On the distribution of the risk of delays in the execution of contracts for charter of a vessel on the principles of English law
Similarly, other agreements regulating the legal relations of the parties involved in commercial activities, lease agreements with the crew, as well as contracts of carriage and voyage charters should have provisions that distribute the risks of the parties arising in the process of their execution.
For the maritime industry this distribution is even more important, since the number of potential risks of delaying or disrupting the execution of the contract is large, and entire groups and chains of performers are often involved in fulfilling obligations: the shipowner, carrier, charterer, consignee, consignor, stevedores, port authorities, government agencies, surveyors.
Many charters are governed by the norms of English law, in connection with which the distribution of responsibility of the parties under such contracts is based on the findings of judicial practice, which forms the basis of regulation. In the case of The Doric Pride [2006] All ER (Comm) 188, the court established the basic rule of separation of shipowner and charterer’s responsibilities:
- Issues of ship management and its technical support are the responsibility of the owner.
- The commercial aspects of the operation of the vessel and the purpose of its use are included in the “responsibility area” of the charterer.
In practice, this allocation of responsibility is not always easy to qualify, especially if the written terms of the charter agreement clarify in which cases the parties will bear additional risks, or the risks pass from one side to the other.
In the case of the Global Santosh [2016] UKSC 20, the vessel was transferred to a time Charter charterer, which in turn concluded a voyage Charter with a third party, which in turn concluded a sub-voyage Charter with the shipper for the transportation of cement. Upon arrival at the port of discharge, the ship 2 months could not get up to the pier, and after obtaining admission to the unloading, the cargo on Board the ship was arrested. As a result of enforcement actions, the act of arrest included not only the cargo, but also, mistakenly, the ship itself, which led to an additional amount of downtime.
In the charter agreement, the parties agreed on a written clause stating that the time charter freight is not payable in the event of arrest or detention of the vessel for any legal reason. In addition, the provision provided that the exception to this rule are cases where the arrest or detention occurred “as a result of the action or inaction of the charterer or his agents”.
The arrest of the vessel was imposed at the request of the shipper, with whom a sub-scheduled charter was concluded with the approval of the charterer of the vessel. The task of the court was to determine whether the sub-regular charterer is a “charterer's agent” for the purposes of recovery in favor of the owner of the losses caused by the arrest.

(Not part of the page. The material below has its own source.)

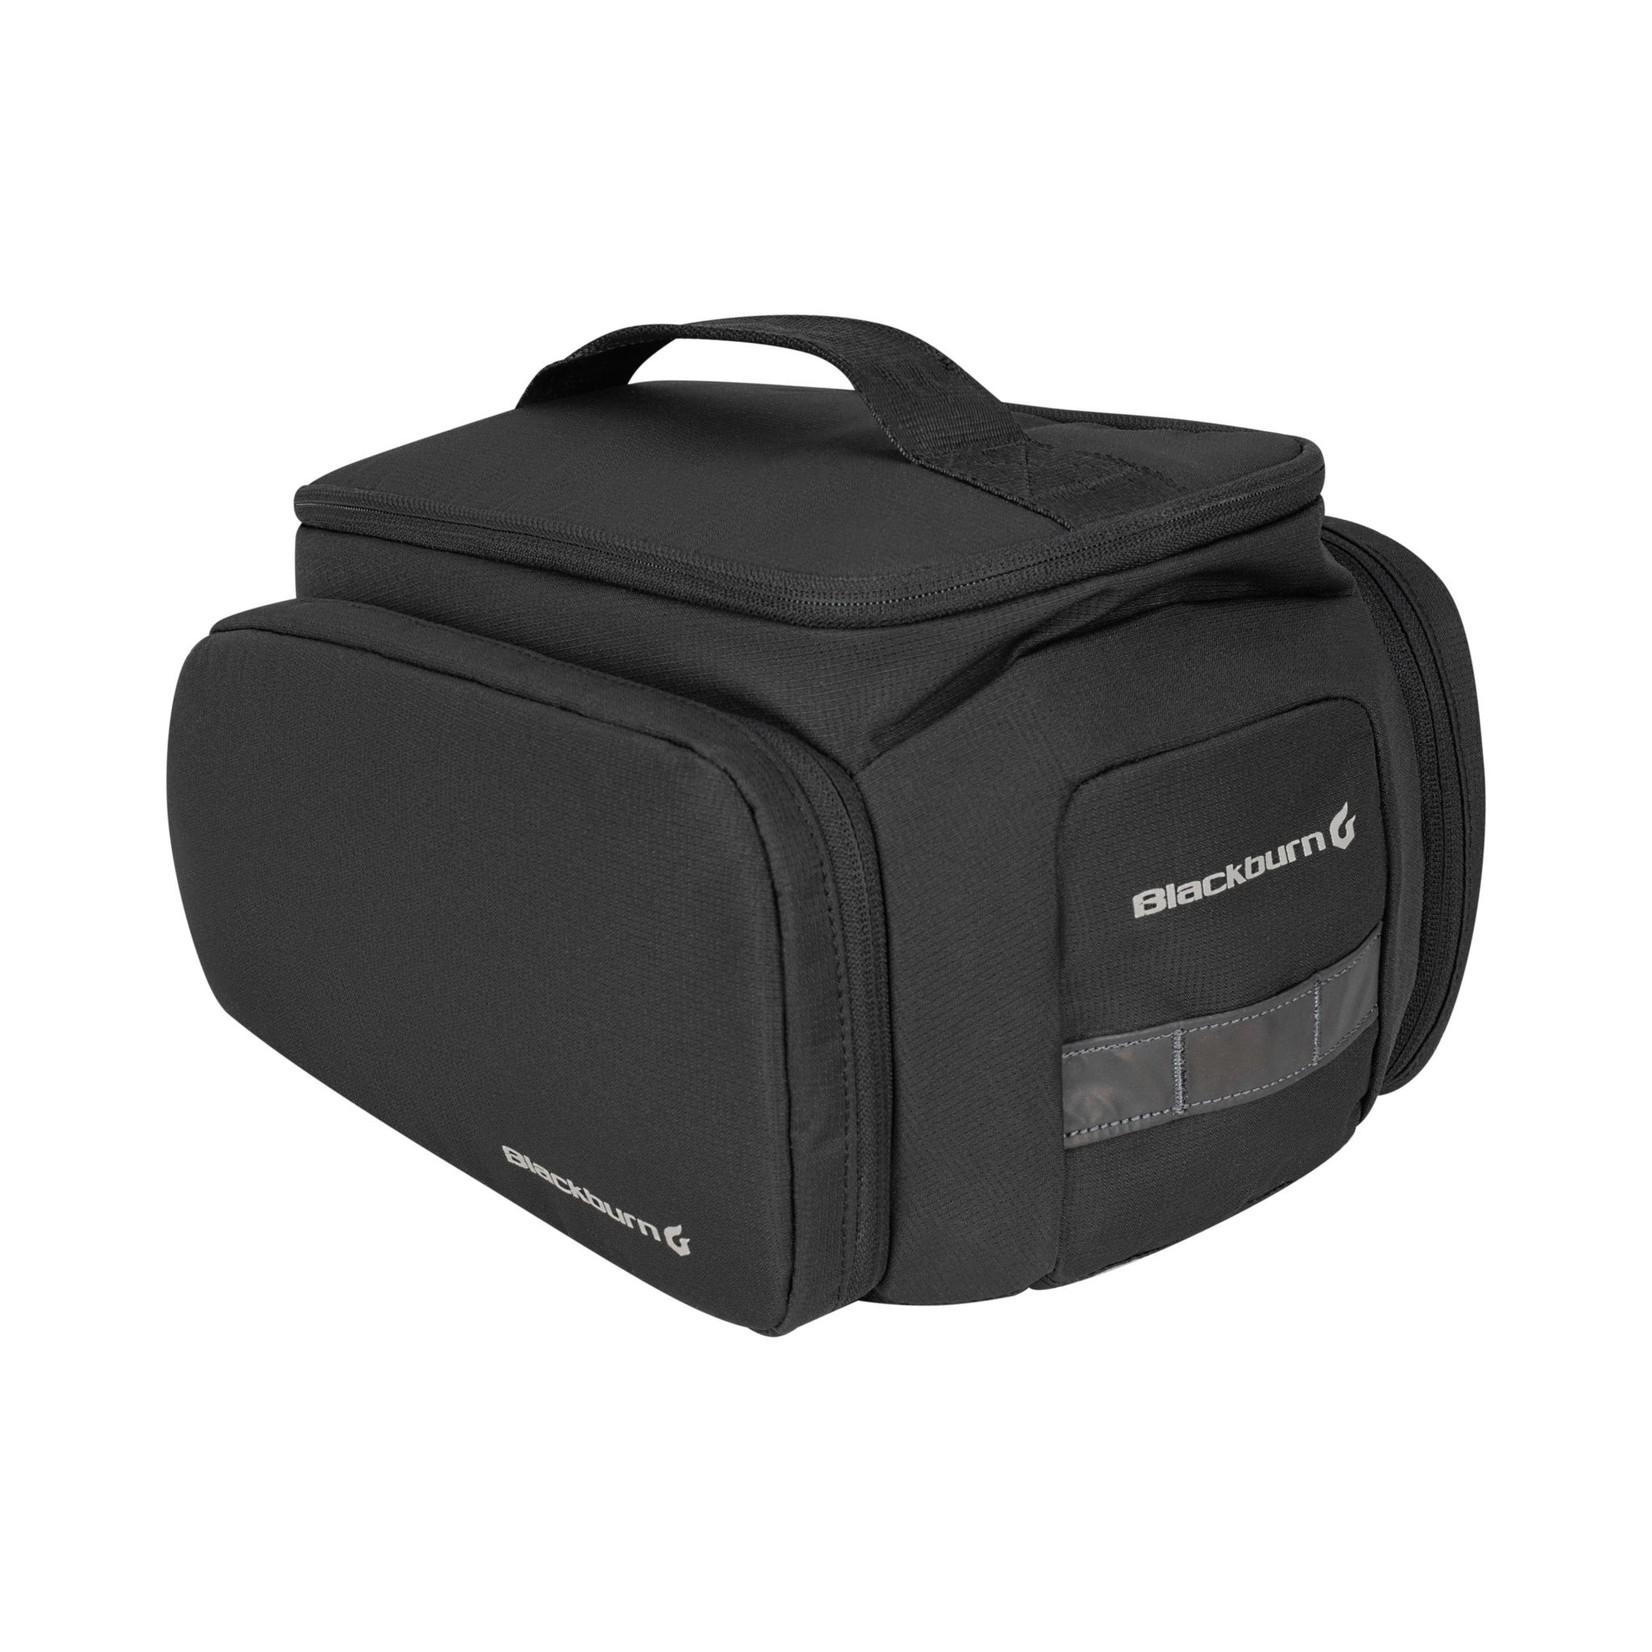 Blackburn Blackburn Local Trunk Bag - Black

The court of appeal in the case upheld the basic principle established in The Doric Pride [2006] All ER (Comm) 188, stating that the delay on the presumption, are always at the risk of the charterer, as the responsibility of the shipowner under the Charter, only the ship, its technical condition, seaworthiness and navigation issues.
Taking into account that the charterer took advantage of the commercial opportunity to deliver the ship to the sub-charter, the responsibility for the delay associated with such a sub-charter is charged to the charterer.
However, the Supreme Court reversed the appeal decision, in fact, adding to the “basic principle” of the division of responsibility in The Doric Pride [2006] All ER (Comm) 188 with a new rule.
The decision of the Supreme Court establishes that it is necessary to determine not only in whose "area of responsibility" lies the cause of the delay in the execution of the charter, but also the "sufficient relationship" between the violation and the actions of the party under the main contract, from which the claim for damages arises.
Considering that the actions of the sub-charter charterer were not controlled in any way by the main charterer on the charter party (who only concluded a third-party charter charter), the shipowner does not have the right to claim damages not caused by the charterer. Based on the above, the Supreme Court ruled that for the period of the arrest of the vessel, the freight is not paid.
An additional criterion for determining the liability of the parties on the charter, established in The Global Santosh [2016] UKSC 20 on the one hand protects the party from liability arising from the participants in the “chain” of commercial activities in the maritime industry. On the other hand, it blurs a fairly clear distribution of responsibility, introducing an element of uncertainty in the resolution of disputes on the violation of the charter.
Would the charterer be held accountable if the violation had been committed not by a sub-scheduled charterer, but by a third party who entered into a charter charter directly with the charterer?
The decision once again proves the essential importance of the detailed formulation of the written provisions of the charter, which, in the event of a dispute, prevail and are subject to literal interpretation.
f the owner intends to protect himself from the risks of delaying the vessel in full, he is recommended to indicate in the charter under English law all categories of persons whose violation of the charter is due to which he will be compensated for losses and paid for in idle time.